The bus was right on time and lucky for me, it went directly to Tierradentro. Most buses only pass by the crossway about 20 minutes down the road. The driver dropped me off right in front of the museum where I dropped off my big bag and headed off. It was 20 minutes up hill to the most famous burial site called Segovia. All the tombs were locked and I was terribly disappointed until the guardian came over and opened them up for my one by one. There are so few tourists around that he doesn't bother leaving them open.The tombs are quite dark and are carved out of white stone, some with preserved colorful paintings. The spiral stone steps down to each tomb were a bit tough to navigate but I managed. The guardian for the next site, El Duende, walked with me up the hill and opened the tombs for me. Segovia is definitely the most beautiful and best preserved. From there it was another 5 minutes uphill to the main dirt road and then a 20 minute walk to El Tablon to see a few more statues and then on to the small town of San Andreas de Pisambala where they have a beautiful white church with a thatched roof.

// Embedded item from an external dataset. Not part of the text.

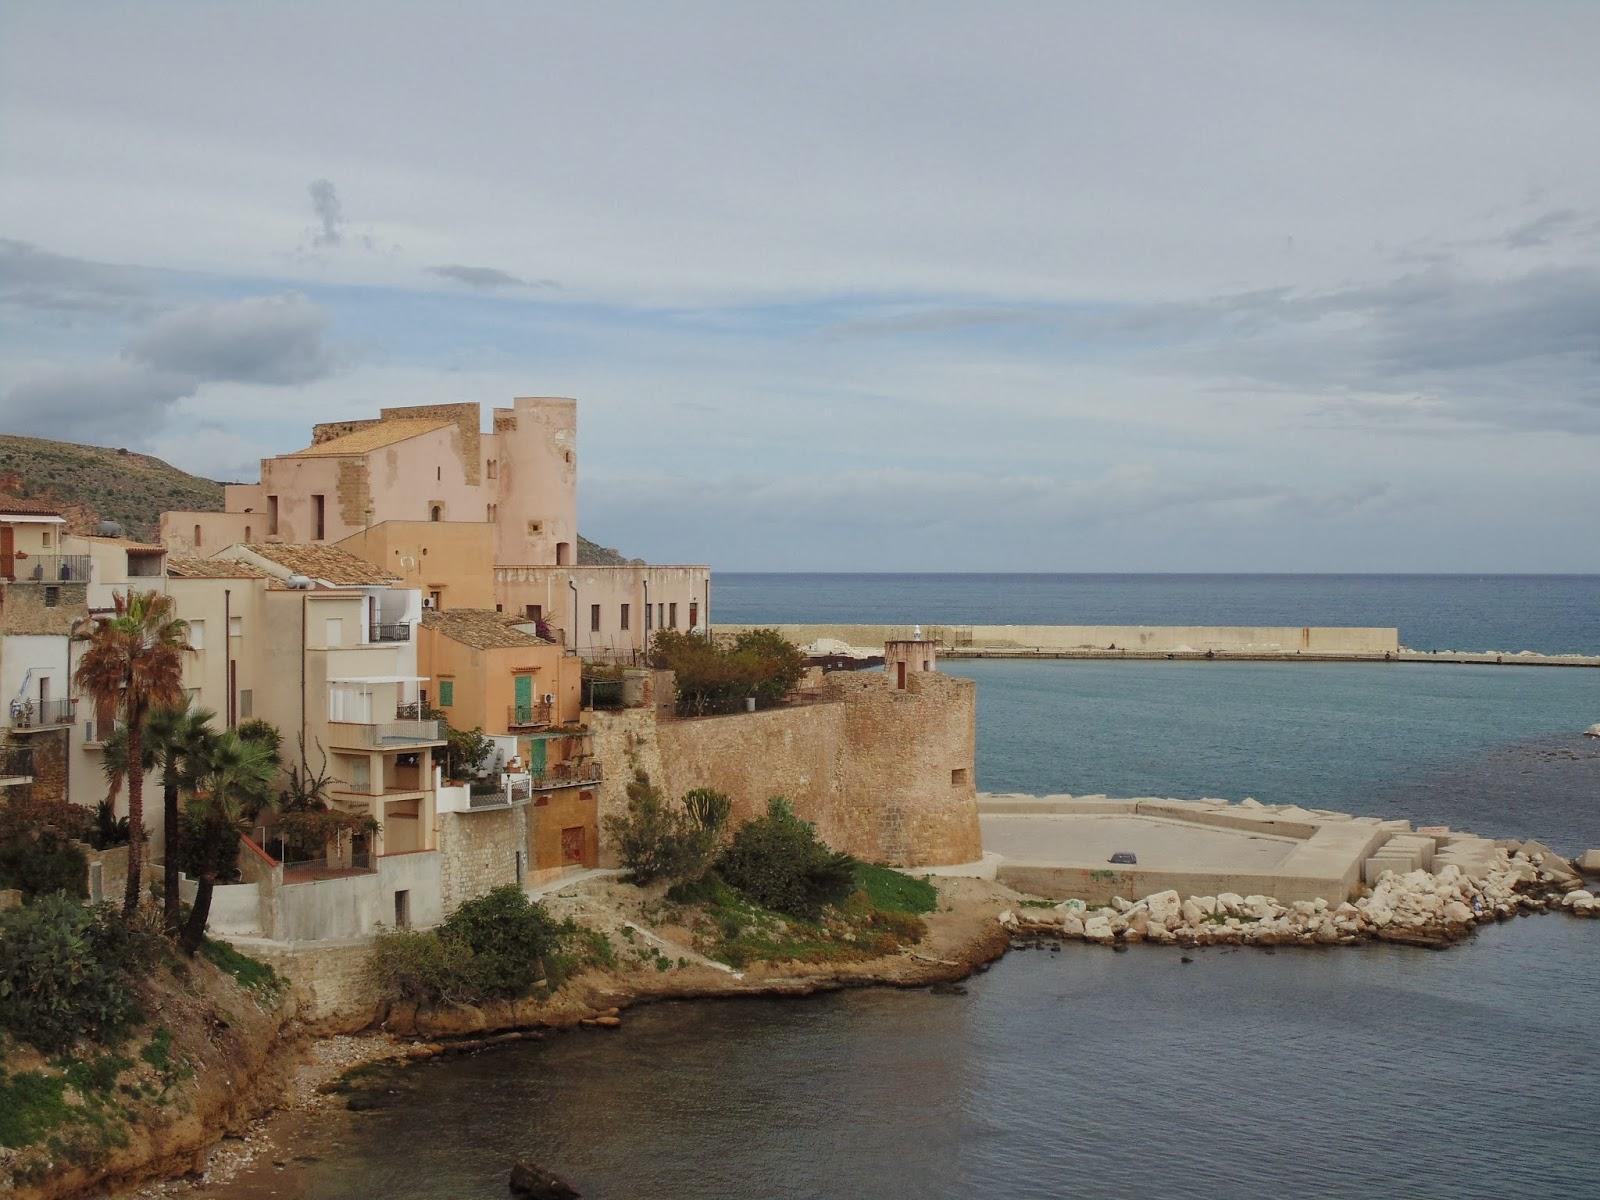 Castellammare del golfo sicily italy stock photo image 48782909 - Castellammare Del Golfo Italy City Pictures Trip To Castellammare Del Golfo Italy Sicily

On my way back to the museums I ran in to 2 Americans I'd met in both Pasto and Popayan. I had lunch with them, quickly checked out the museums and headed out on the 20 minute walk to the crossing to catch the 1pm bus to Popayan. This bus trip was by far, one of my worst. I was just feeling so ill. I was puking, couldn't sleep and needed a bathroom for almost the entire 3 and a half hour ride. I just wanted to die. As we got close to Popayan, half the bus got off to transfer to a bus to Cali. That's what I wanted to do but I needed to get to a bathroom before I internally exploded. Don't worry, I made it. I need a vacation from this vacation.
The spiral stairs on that tomb must be one of a kind during those times. It makes the tombs of Segovia look even more eerie than your regular catacombs. Columbia looks like a wonderful place - I hope I can go there someday.